## AIM OF THE TASK
Please output exactly the lines from the one that holds "Google cancels A.I." through the final line of the data, and nothing else; leave out any pictures.

## PROVIDED DATA
· · · · · · ·

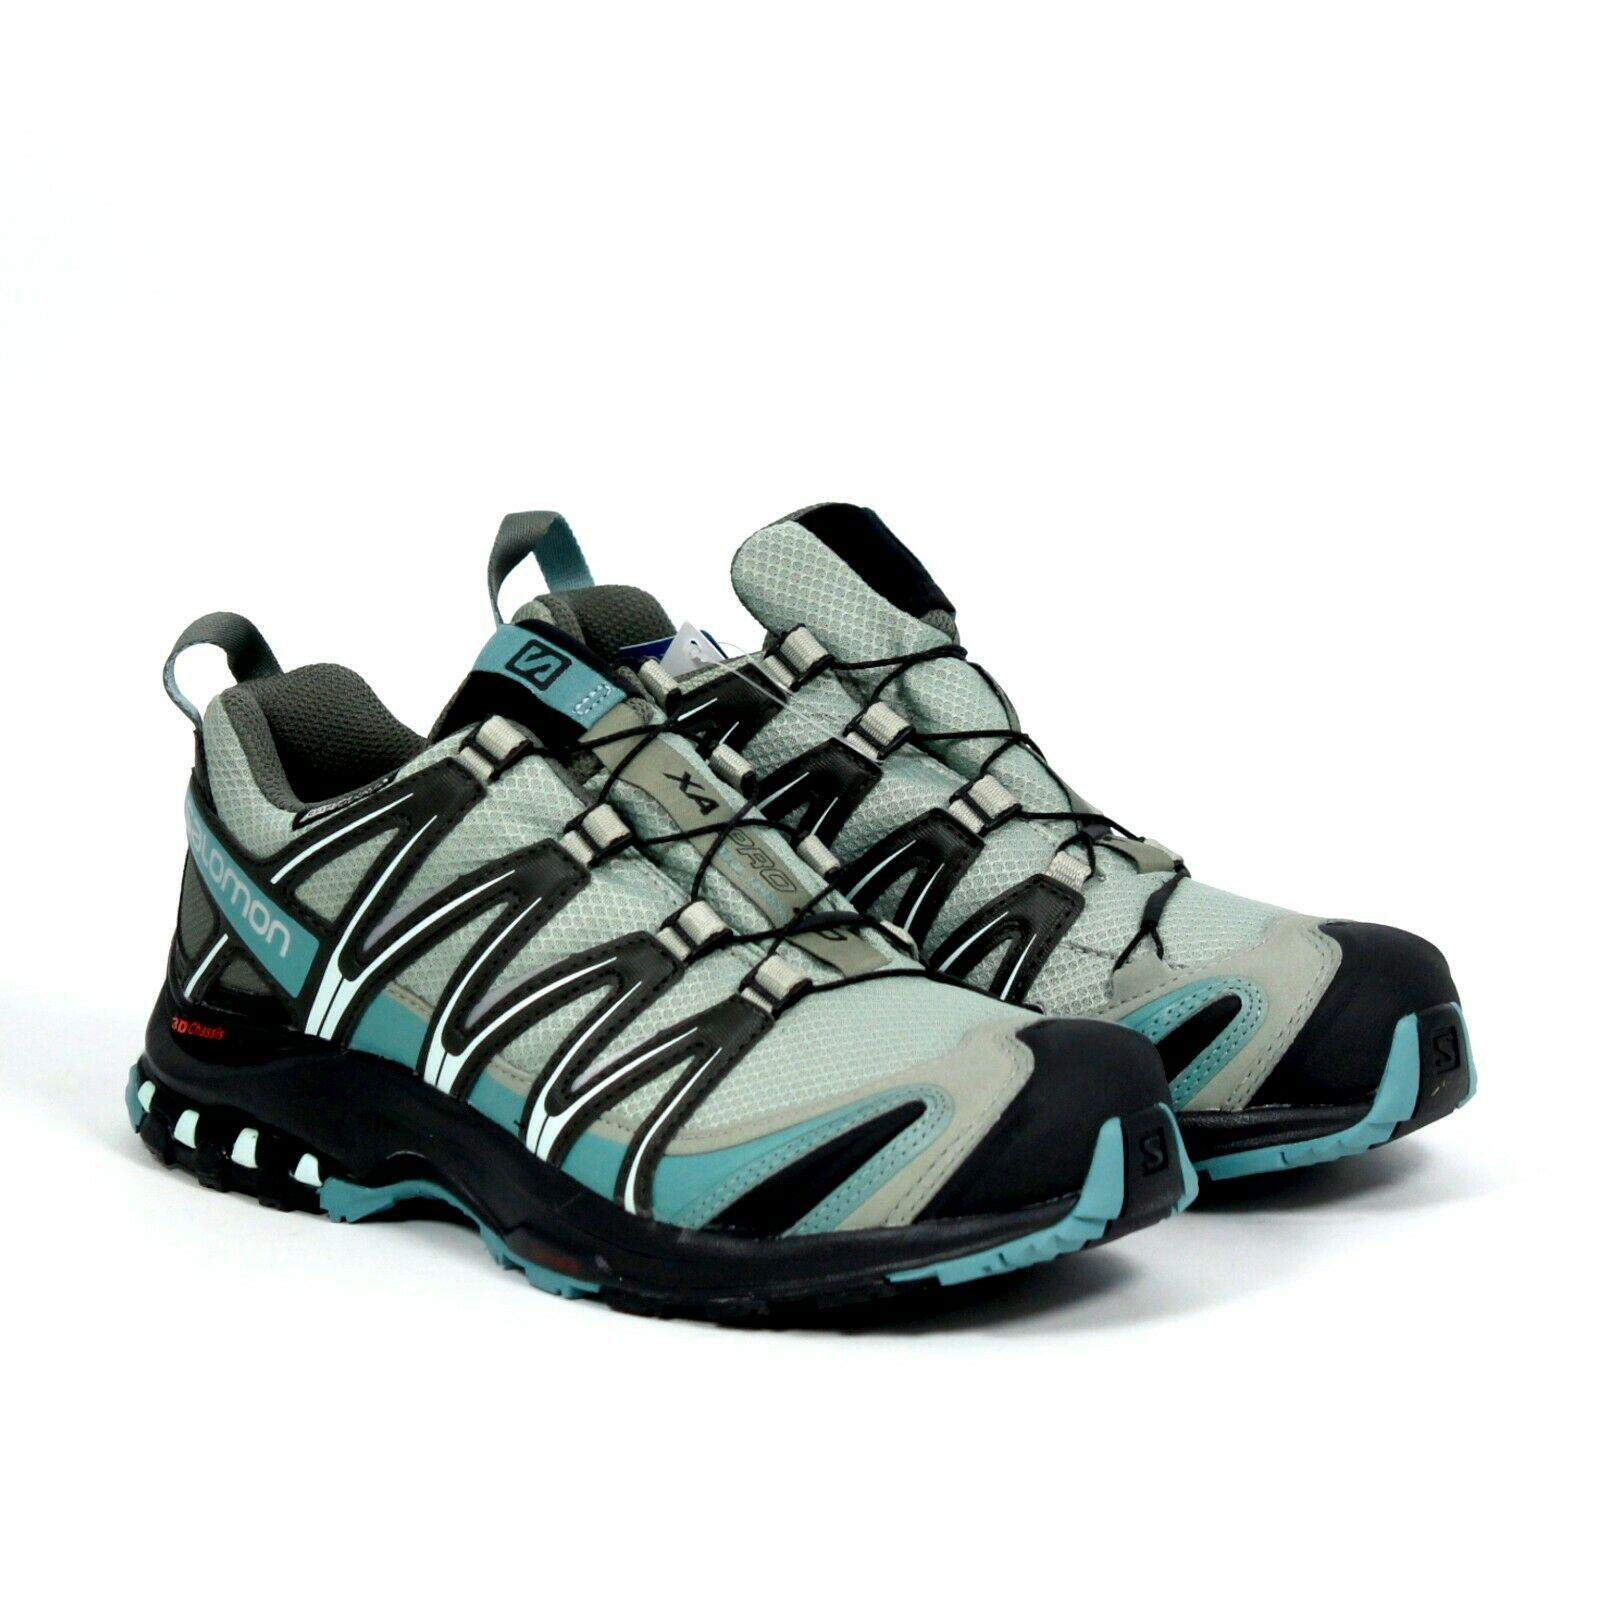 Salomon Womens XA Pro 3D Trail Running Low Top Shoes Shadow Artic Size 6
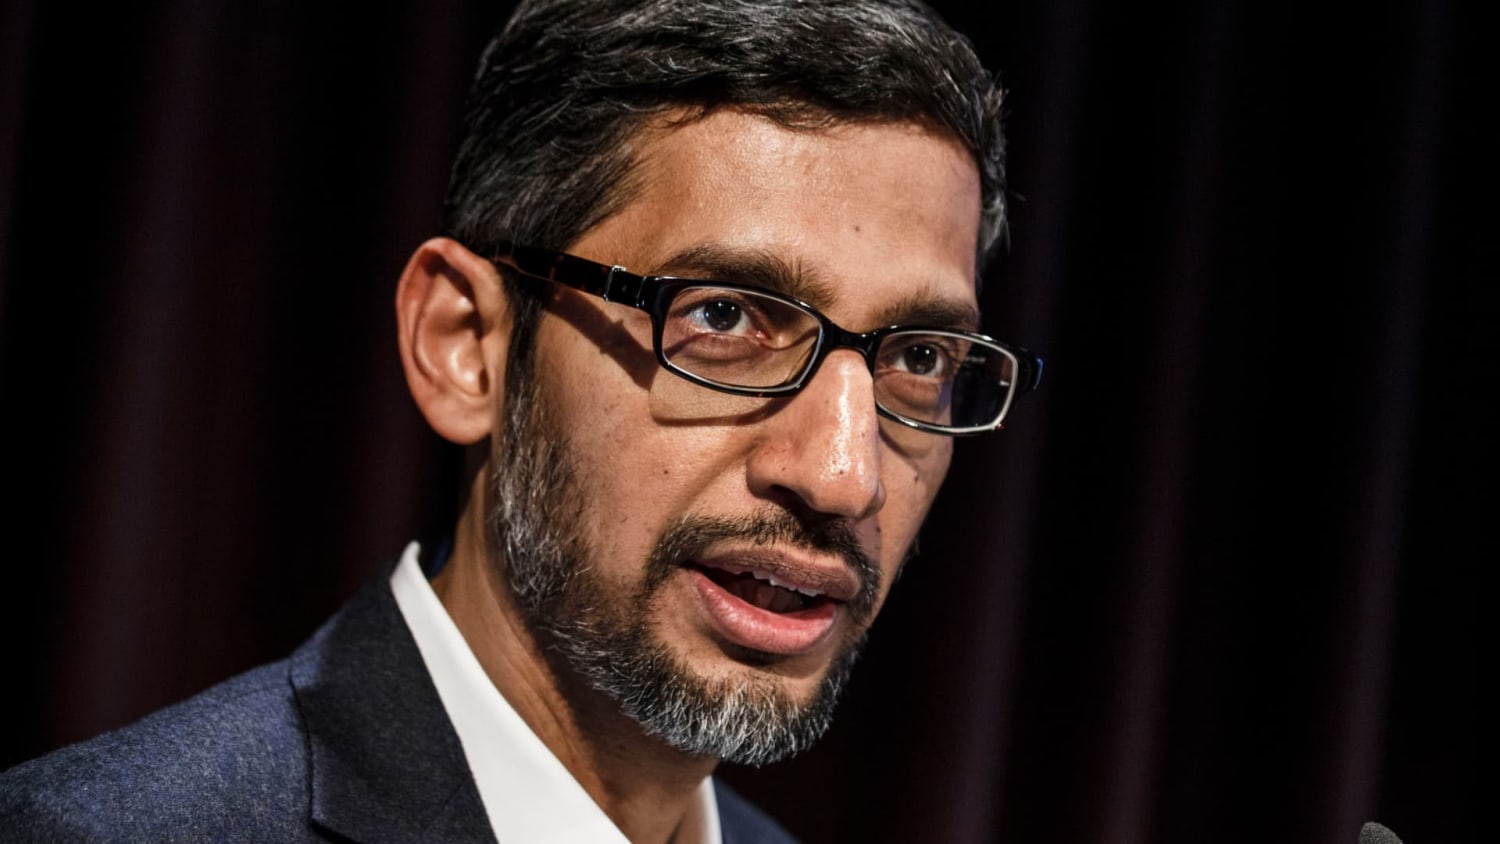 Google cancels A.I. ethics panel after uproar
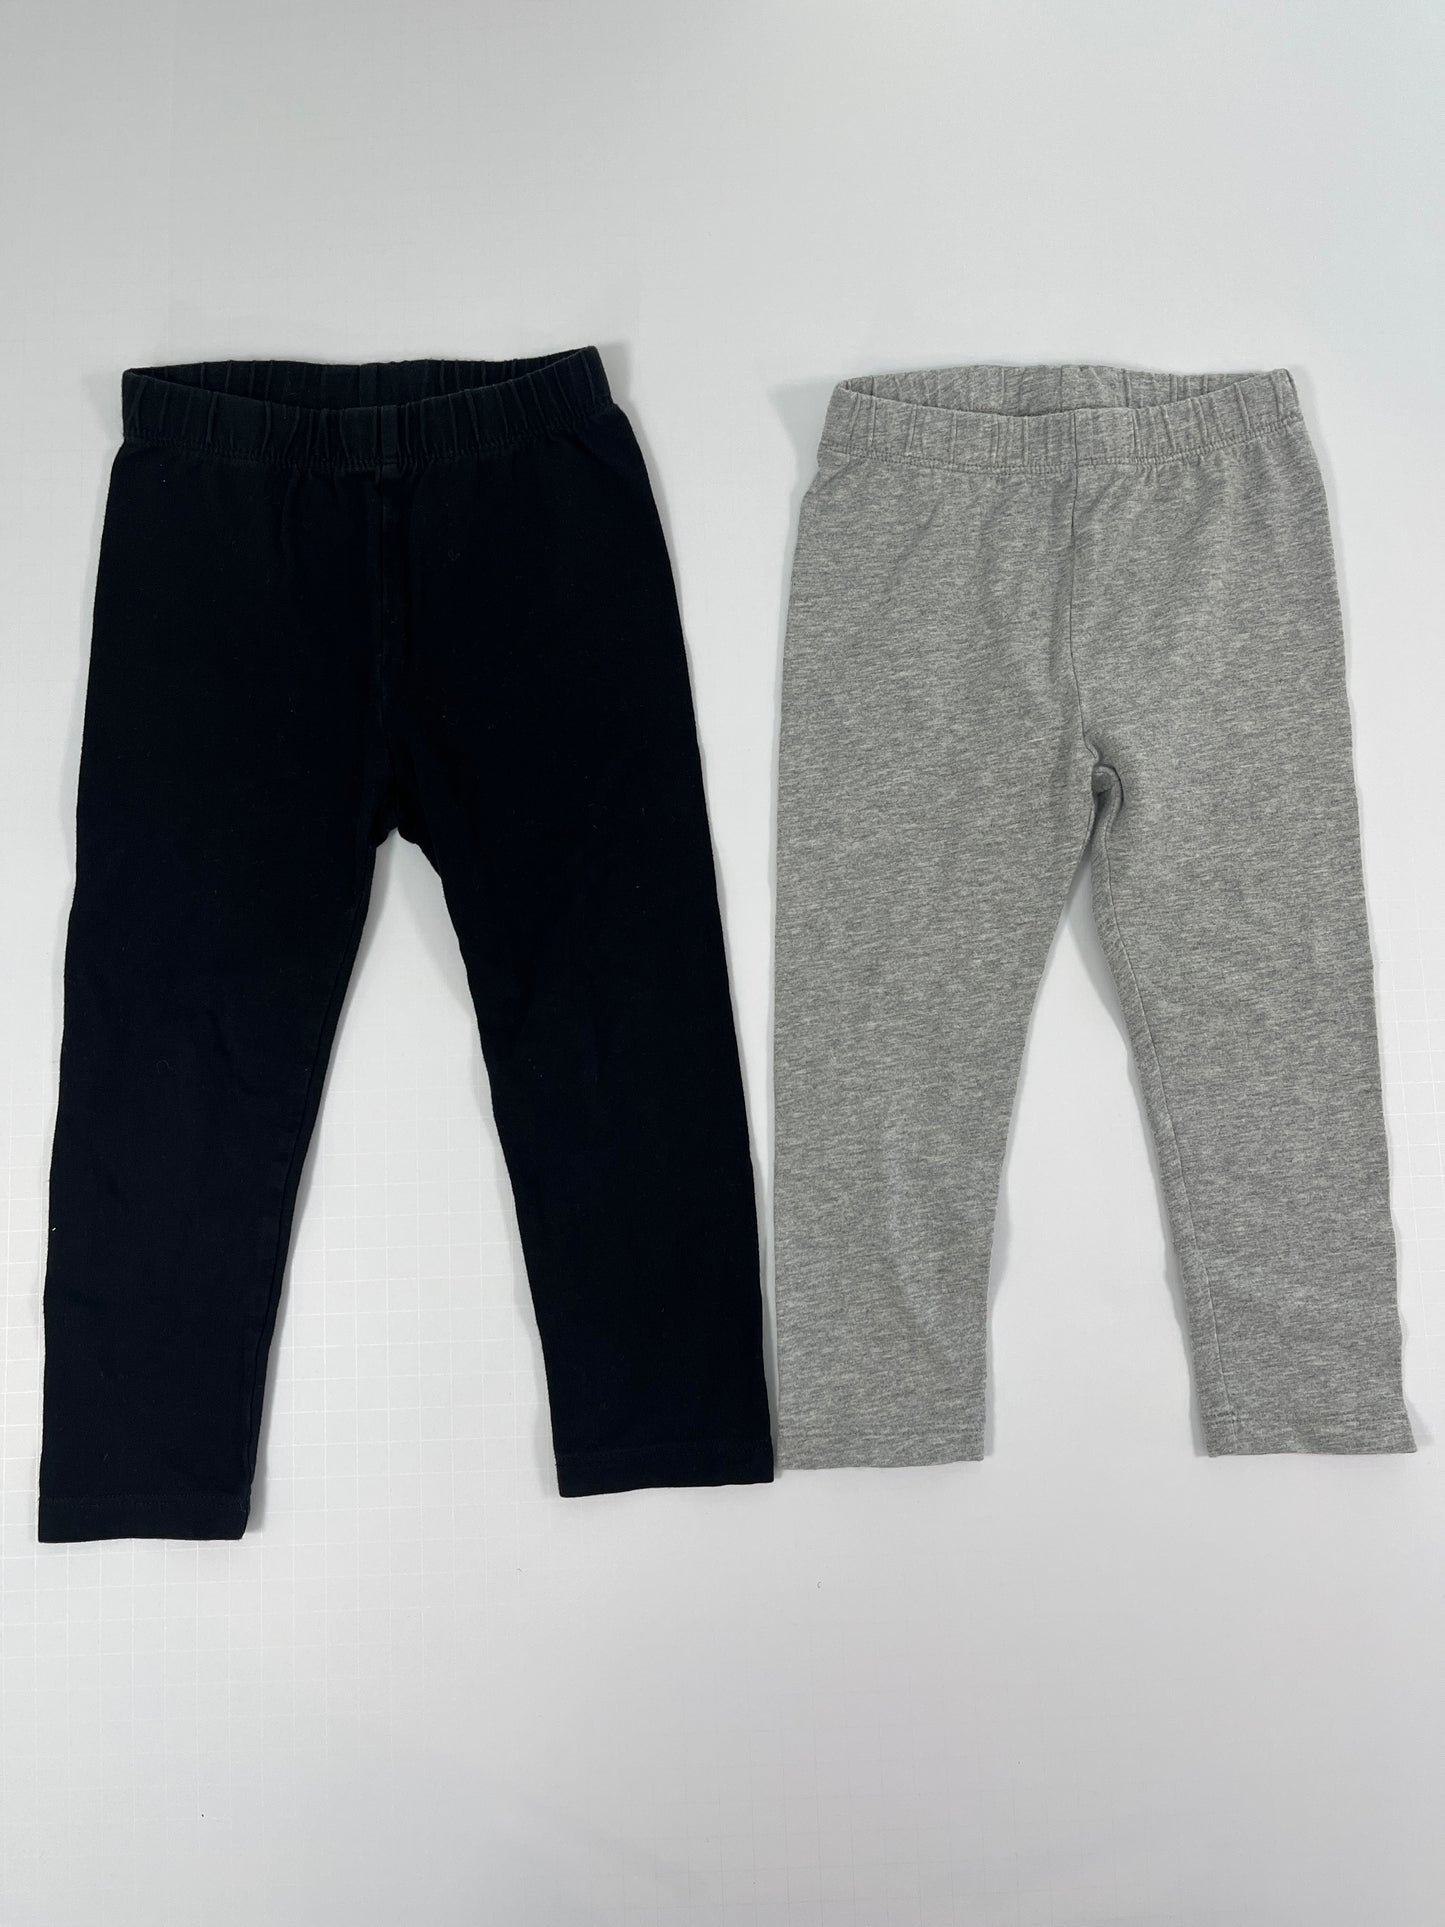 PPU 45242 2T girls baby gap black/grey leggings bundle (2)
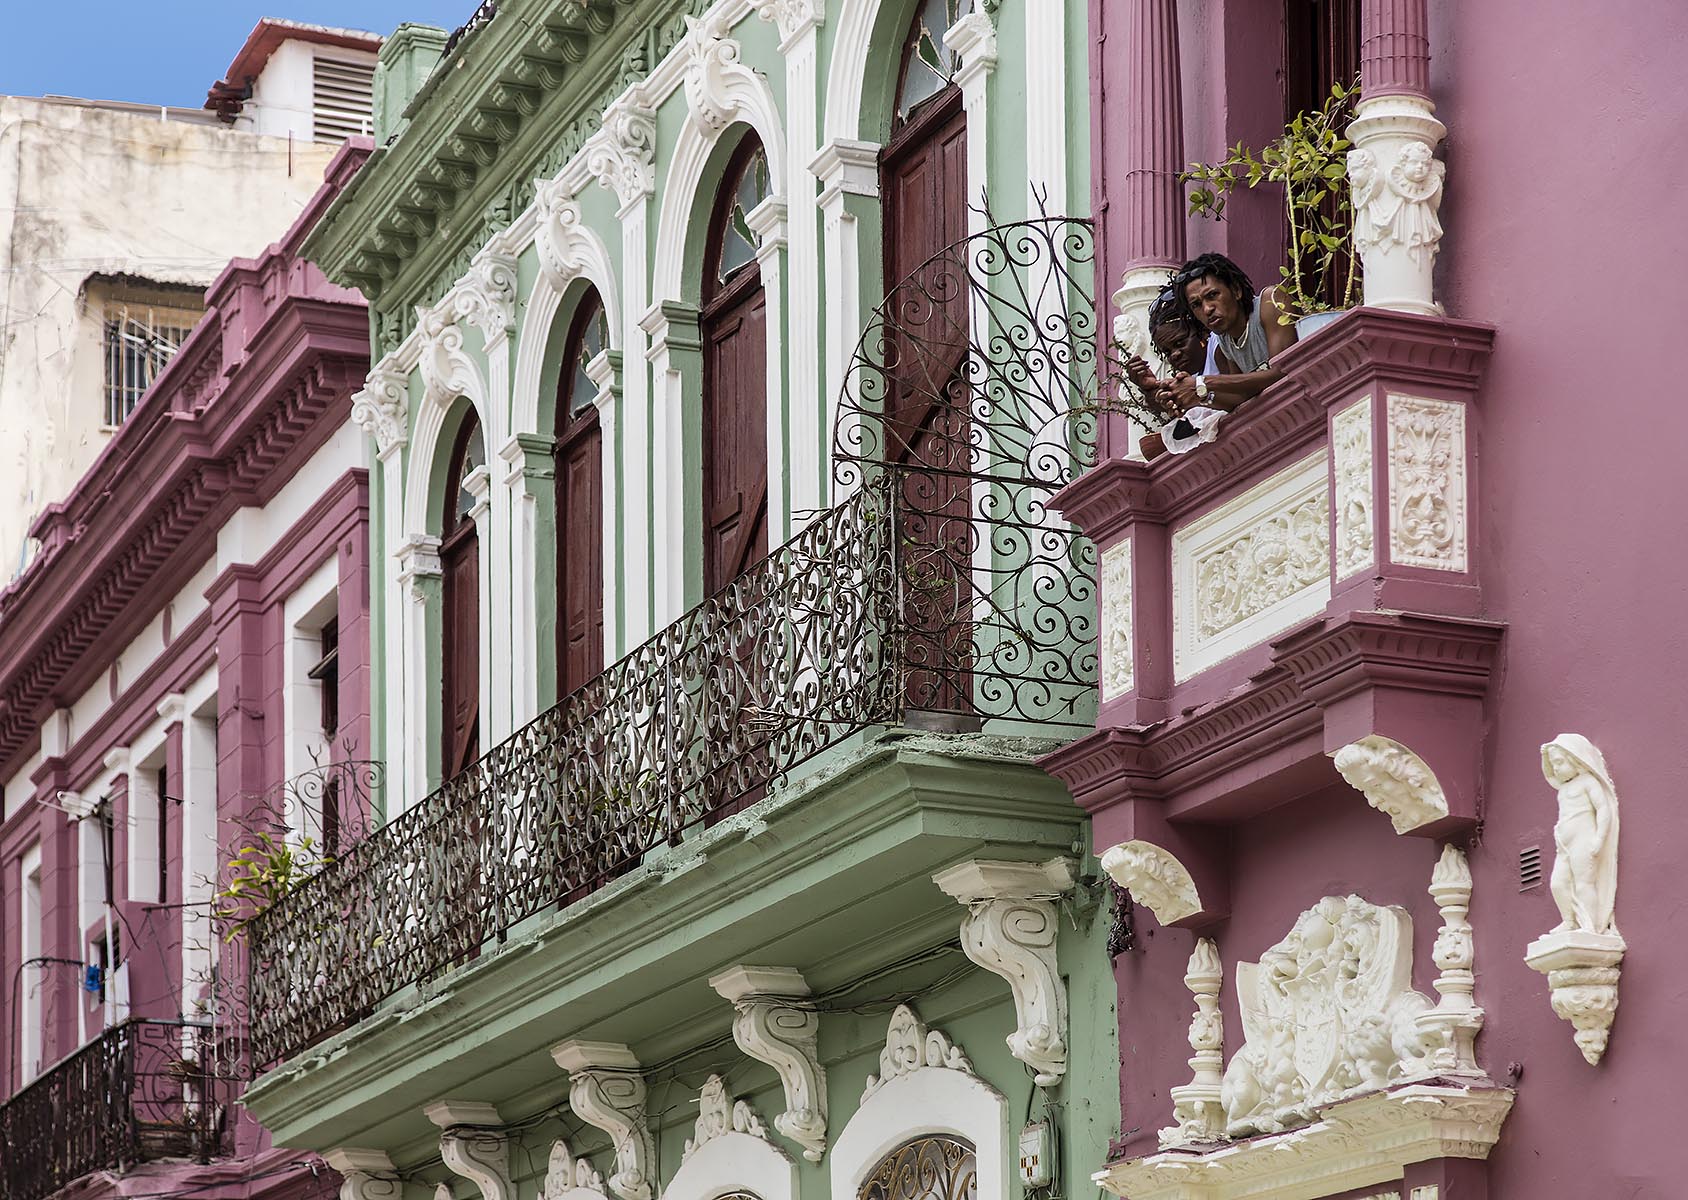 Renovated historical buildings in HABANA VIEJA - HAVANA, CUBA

· · · · · · ·

## RESPONSE AREA
 Google cancels A.I. ethics panel after uproar
 PPU 45242 2T girls baby gap black/grey leggings bundle (2)
 Renovated historical buildings in HABANA VIEJA - HAVANA, CUBA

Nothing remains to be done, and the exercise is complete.